Location
- 201 Main Avenue West Twin Falls, Idaho 83301-6103Twin Falls County United States

District information
- Type: Public school district
- Motto: "To provide a quality education necessary for students to be successful in life."
- Grades: PreK-12
- Established: July 14, 1907; 117 years ago
- Superintendent: Brady Dickinson, PhD
- Asst. superintendent(s): Becky Jaynes – Assessment and Federal Programs Ryan Nesmith, Ed. S. – Assessment and Federal Programs Claudia Paredez – Administrative Assistant, Assessment and Federal Programs
- NCES District ID: 1603240

Students and staff
- Students: 9,400 (2022)
- Teachers: 450 Certified Staff
- Staff: 400+ Classified Employees

Other information
- Website: www.tfsd.org

= Twin Falls School District =

Public school district in Idaho

The Twin Falls School District #411 is one of 115 public school districts in Idaho. It is given the district number 411 as it is in the fourth region of Idaho. The Twin Falls School District is headquartered in Twin Falls, Idaho.

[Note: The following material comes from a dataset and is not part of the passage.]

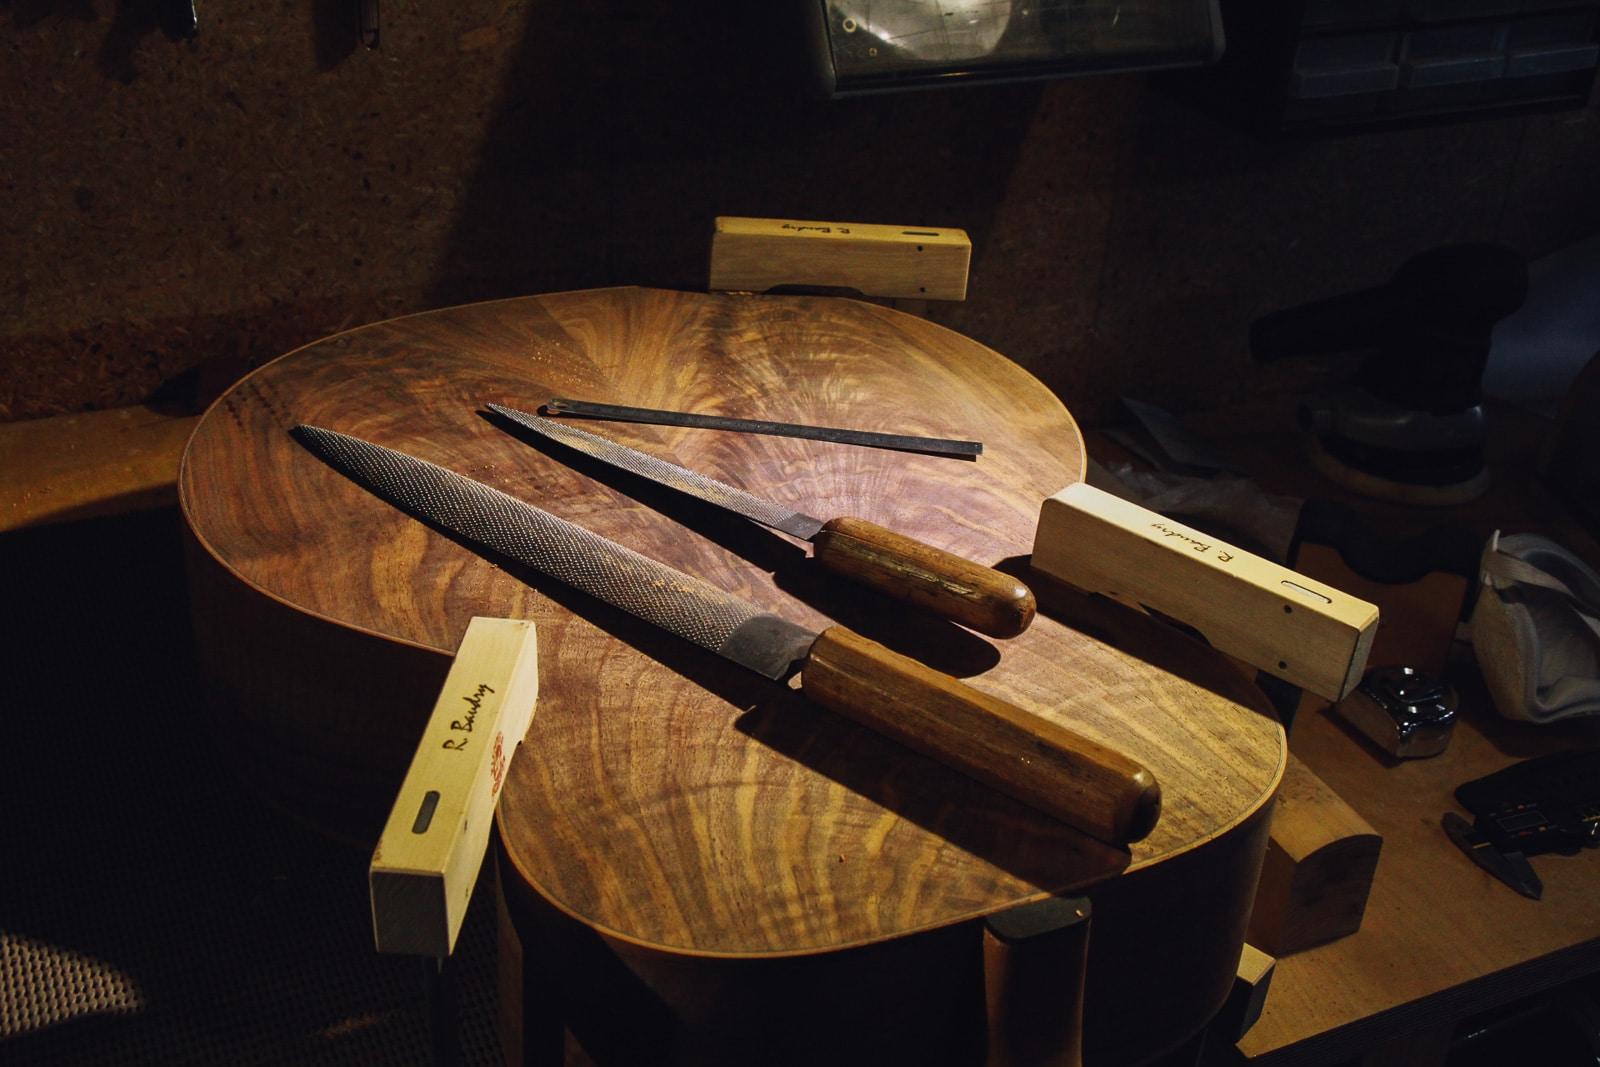 Outils de luthier - formation luthier guitare

Current-year tax rates for all Idaho school districts are available on the Idaho State Department of Education website.

== Schools ==

Twin Falls School District has sixteen schools in its district. As of 2021-22 school year, TFSD had a total student count of 9,399, with a Classroom Teachers (FTE) of 518.65, and a Student–teacher ratio of 18.12.